The islands, just a few hours south of Costa Rica, offered a perfect setting, with their turquoise water and white-sand beaches. Two plays were presented to local and international spectators, to raise consciousness about these marginalized cultures.

The project included two Indigenous tribes (the Maya of Lake Atitlán in Guatemala and the Kuna Indians of Ustupu, in the autonomous territory of Panama) and two black minority communities (the Garifuna of Triunfo de la Cruz in Honduras, and the Congo tribe of Panama). Corazón de la Tierra aims to create a Euro-Central American cultural network, focusing on these cultures and identities.

“The main theme of the play is to fall into a dream,” explained Anne Sylvie Mayza-Badré, the French artistic director of the company. “It is a theme that gathers the four communities, their mythologies, the visible and the invisible – the ancestors.

“Typically worldwide, dreams are important; however, in the Western world, we tend not to value them. For the Maya, Kuna, Garifuna and Congo, a dream is symbolic of reality. It is not ‘just a dream.’ The dream allows the actors to jump from one element to another, with different scenes in their histories and religions.”

THE theater project began in 1995, as an initiative of the French theater group Babel Tower. The idea, according to founders, is that everyone is different; however, languages are not a barrier.

The Babel Tower first worked with the Maya K’iches in Guatemala, creating a play on the Pop wuj, the only Maya book explaining the creation of the world. The show played in Guatemala and France. The organization then expanded the project to other countries in Central America, creating Corazón de la Tierra.

“Central America is a mosaic of cultures, peoples and tribes who do not always get along and are especially unfamiliar with each other,” explains Mathieu Goudin-Ebbesen, a volunteer with the organization. “It is very interesting to have them all work together while maintaining the cultural integrity of each group.”

THE four communities are very different from one another and yet complement each other.
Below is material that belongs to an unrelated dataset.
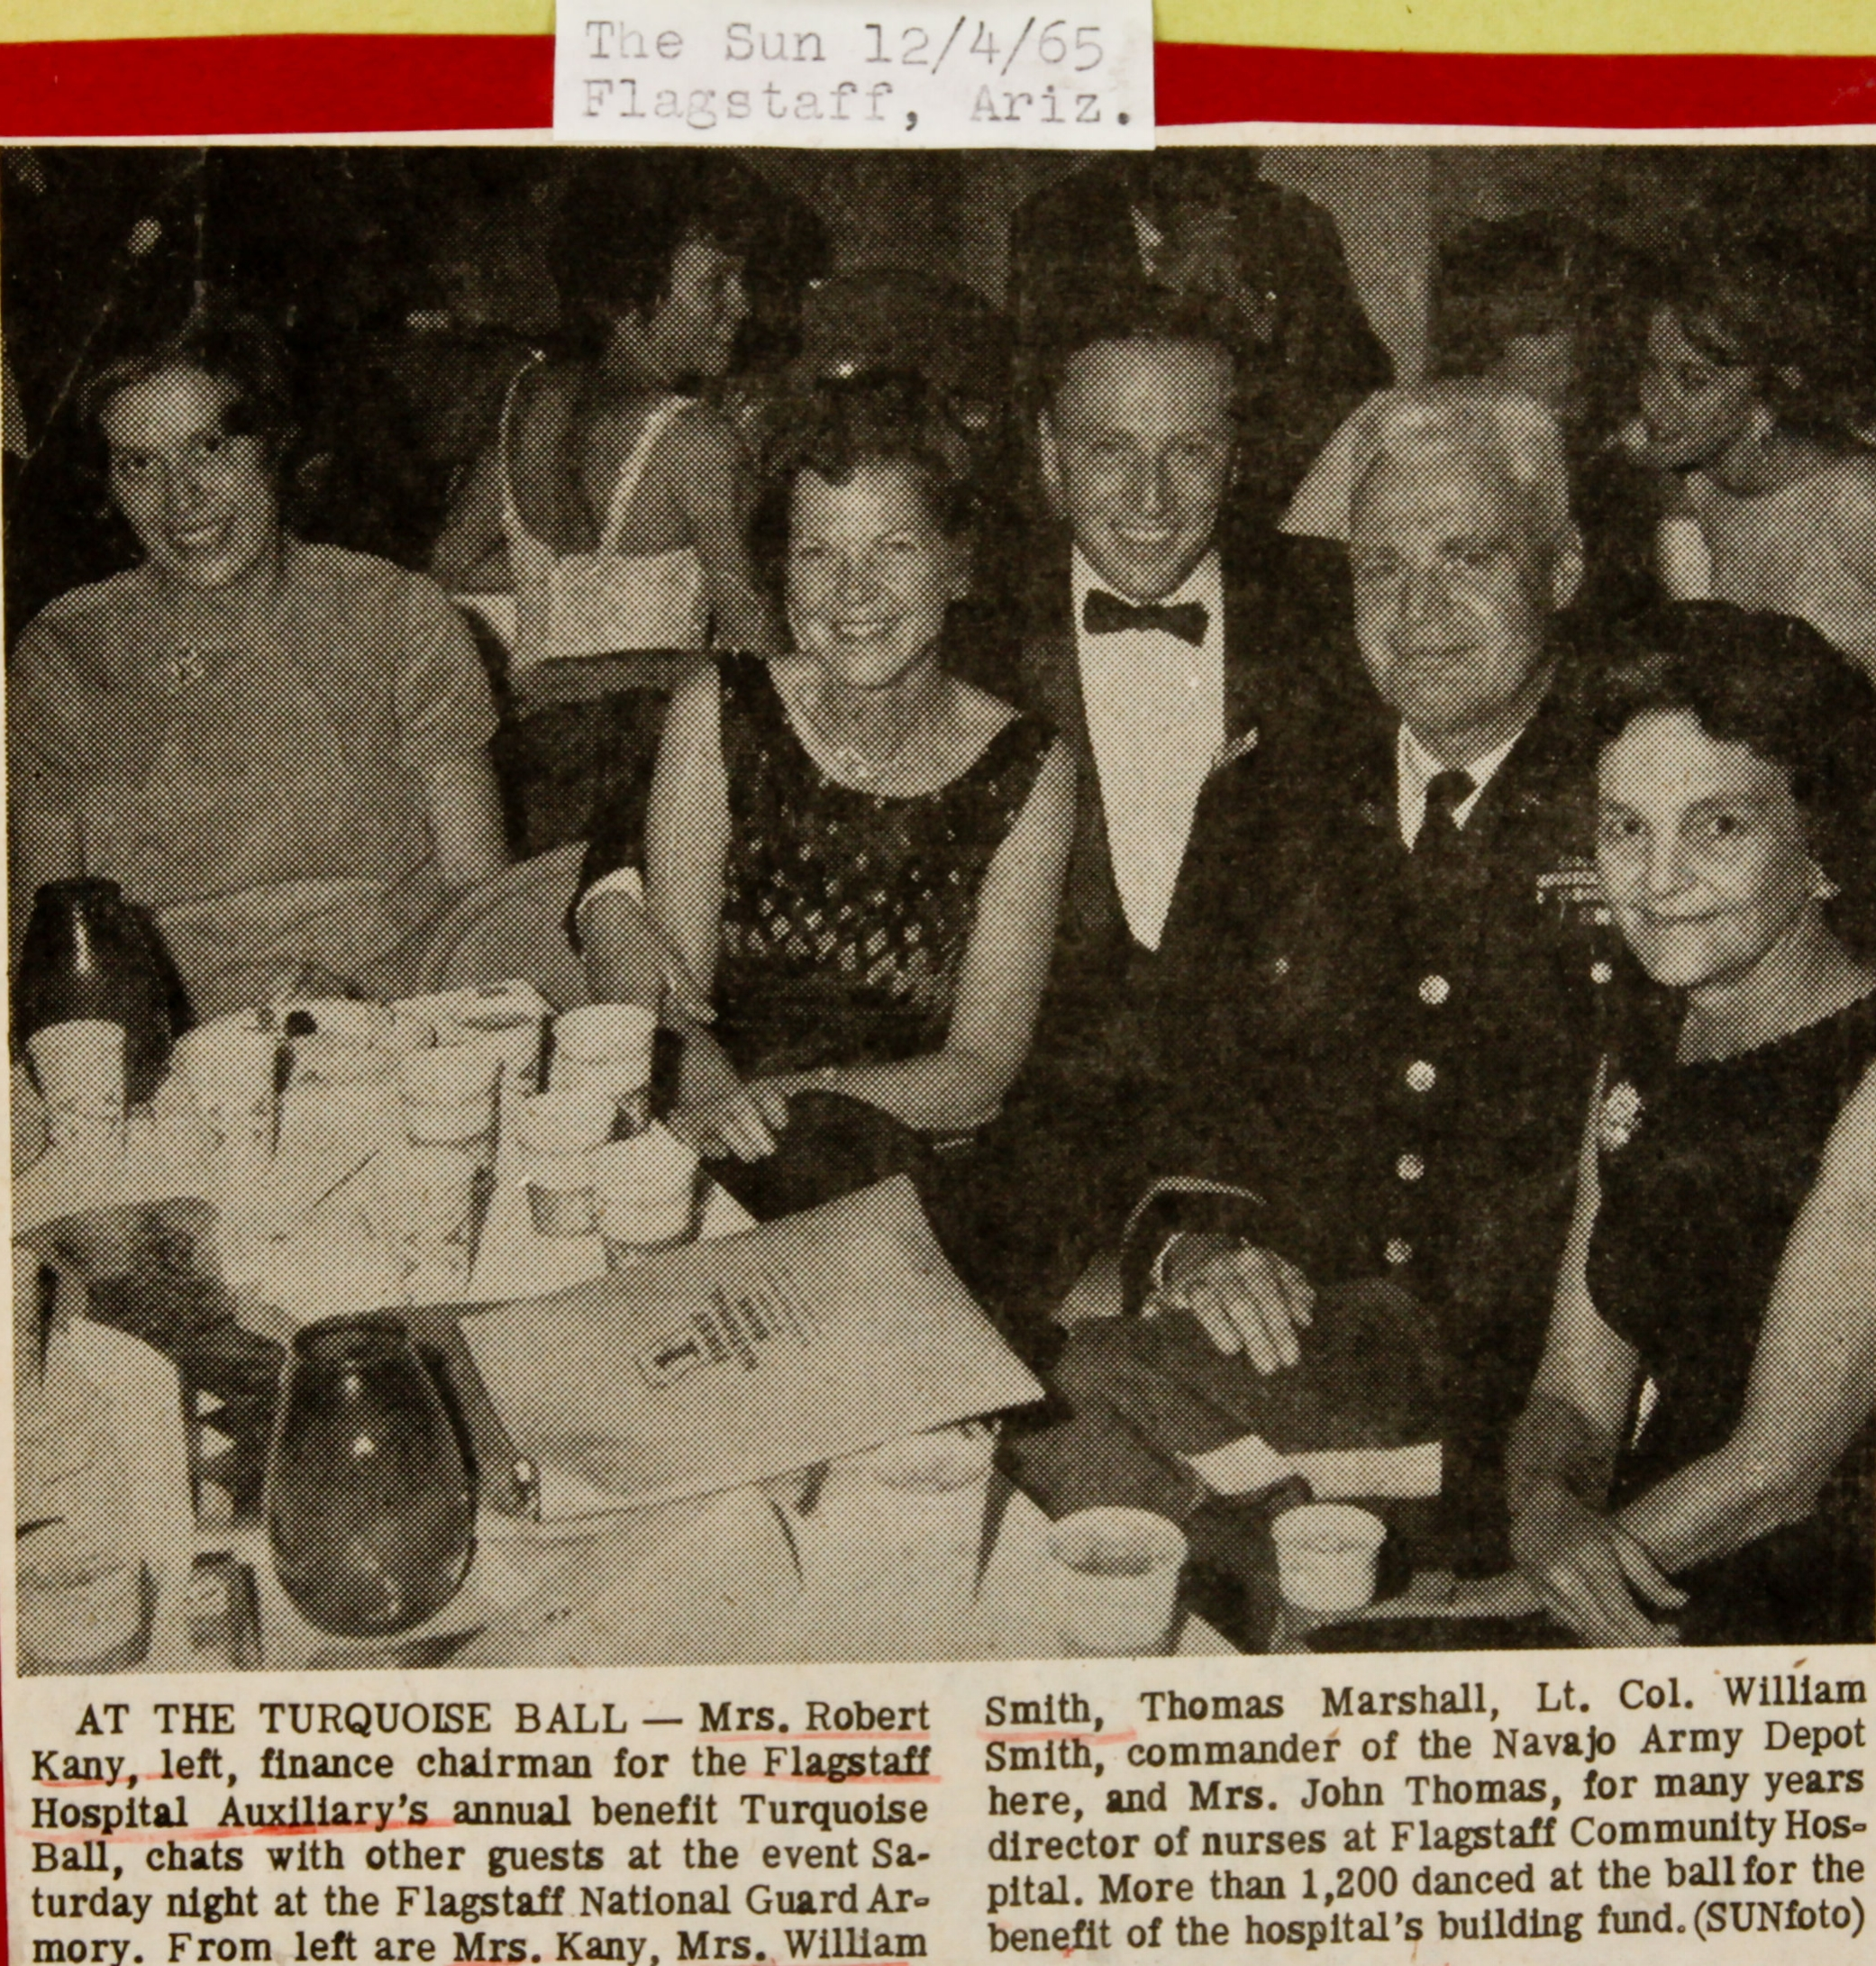 19651204_Turquoise_history_363.jpg

They are all minorities suffering from exclusion. “What unites them is the presence of magic, the spells, and the cult of the ancestors,” says Mayza-Badré. “The names and the stories change, but they have many similar ways of thinking.”

The Maya from Lake Atitlán are quite introverted in their art. They are very religious, often intellectualizing their acting. This small group suffered terrible trauma during the Guatemalan civil war, since many family members have ‘disappeared’ or have been tortured. The six men of the group give all their energy in the play, where they have the opportunity to present their spiritual leader, the Machimon.
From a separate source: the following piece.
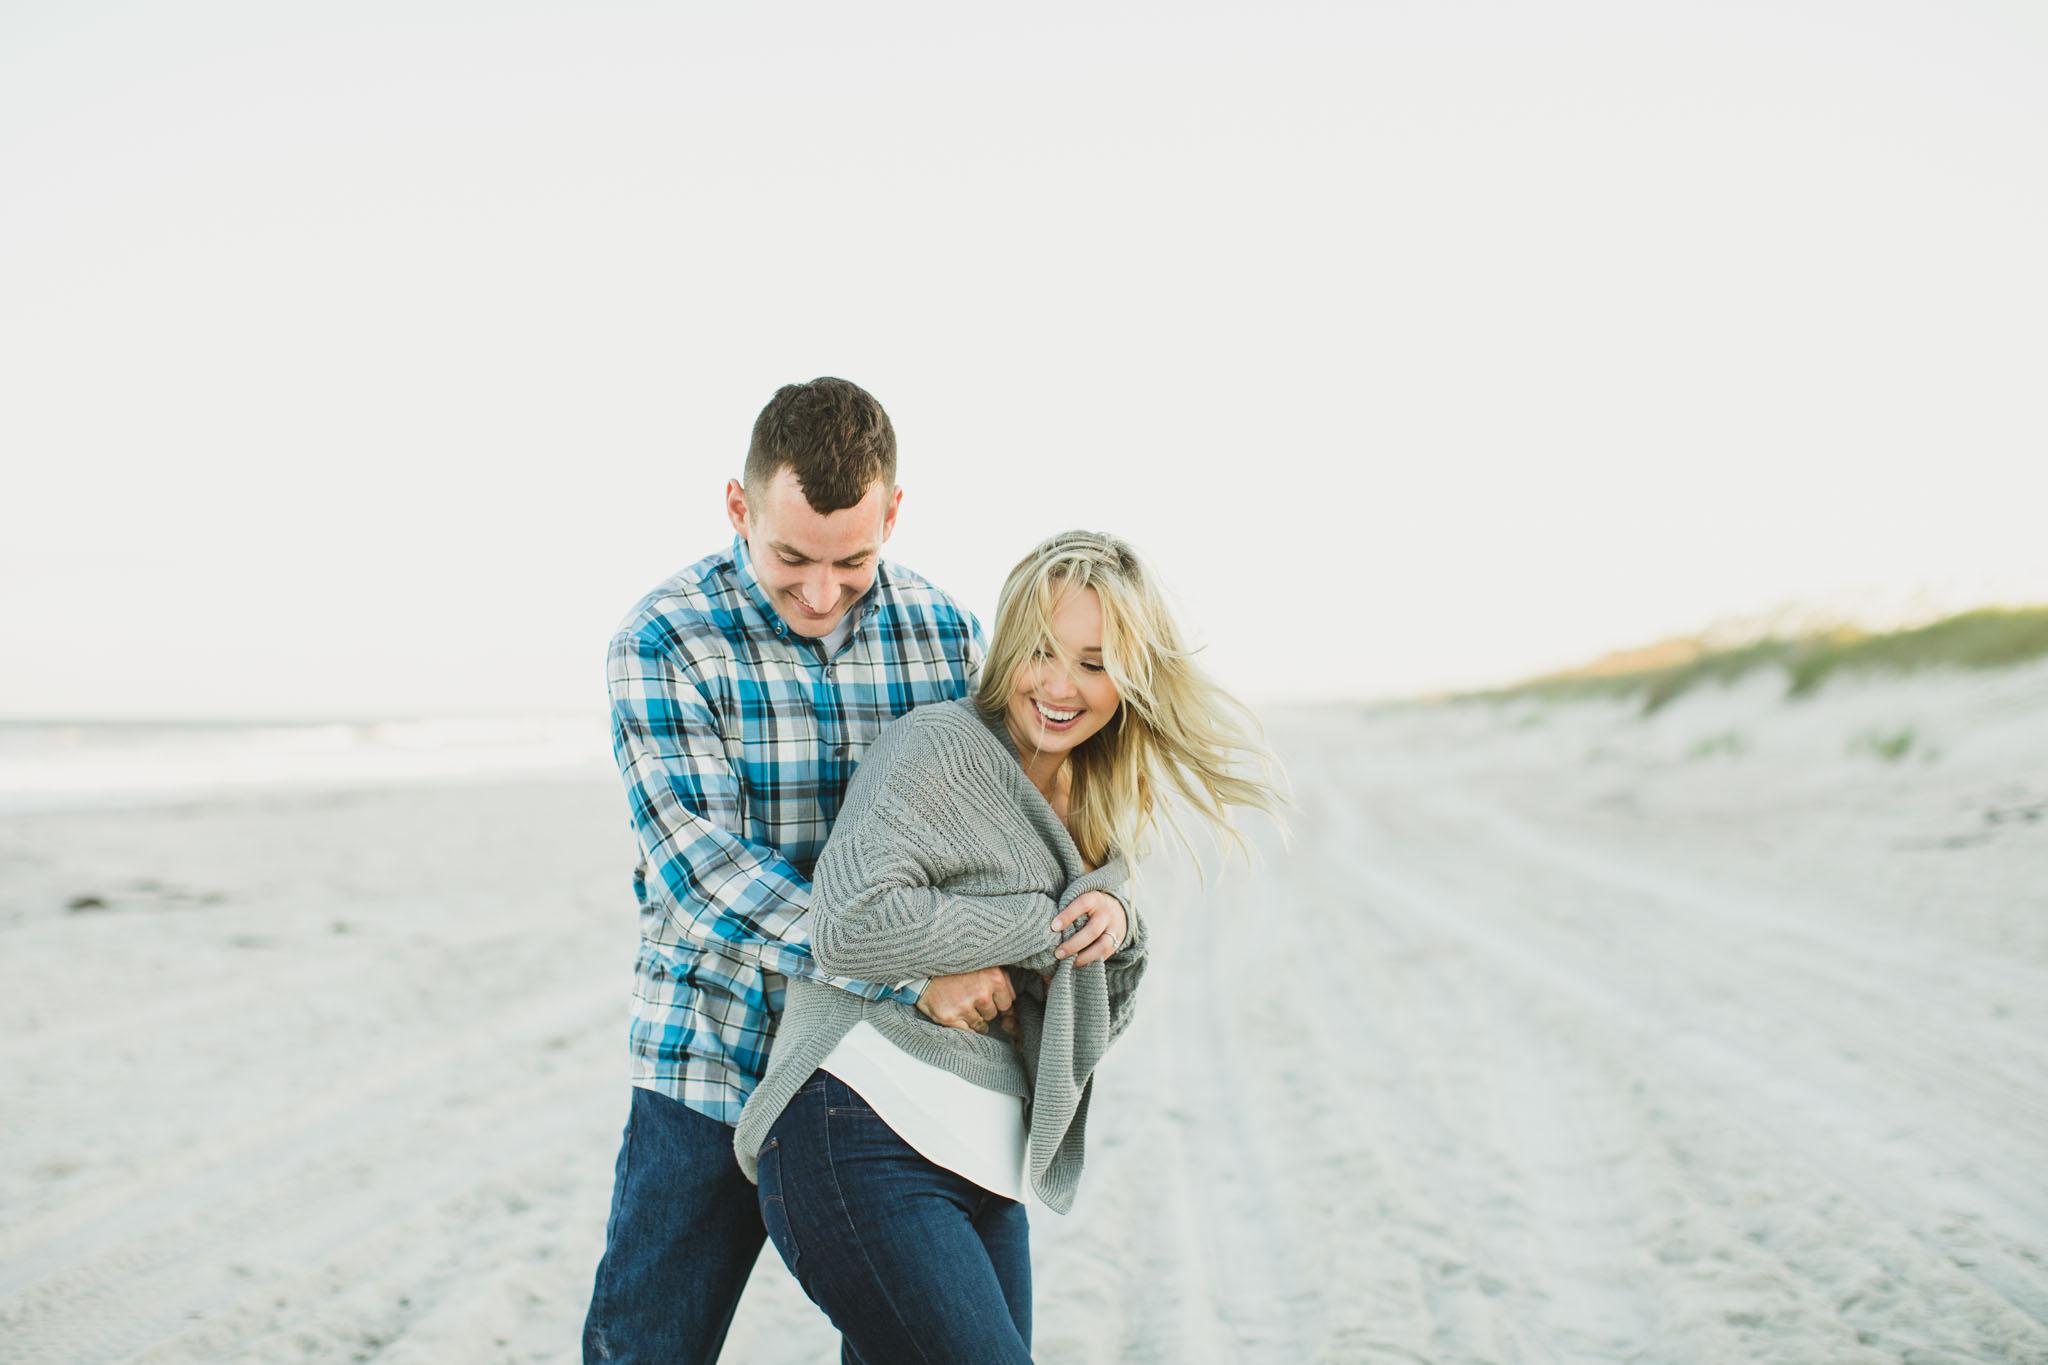 man hugging woman from behind at beach

In contrast, the Garifuna are not afraid to use their voices and bodies to express themselves, with their art based on improvisation and spontaneity. They dance with African-influenced rhythm, creating an amazing ambiance with their drums and voices. They are the descendants of African slaves mixed with the Arawak native indigenous to the island of San Vicente.

The Garifuna have spread all over the Caribbean coast of Central America and gained a distinct culture apart from the Latinos. In today’s context of globalization, this Honduran minority fears the loss of their cultural heritage. Theater is a way to remind the world of their existence.

THE Kuna Indians from Ustupu, in the Kuna Yala archipelago of Panama, can be seen as a warrior tribe. They are one of the few indigenous people who fought against the army of Panama to protect their traditions and culture, and who managed to find external help to remain an autonomous territory.

They have maintained their traditional costumes and ways of living. Their art is very organized and structured. Also from Panama, the black community of the Congos is the newest arrival in the project. They brought their Queen for this unique theater performance. Locals often recognize this famous old woman, carrying her huge crown proudly, from TV.

She explained the meaning of the Congos’ traditional dances, usually performed during the annual carnival. The princess and the prince of the Congos also participated in the play.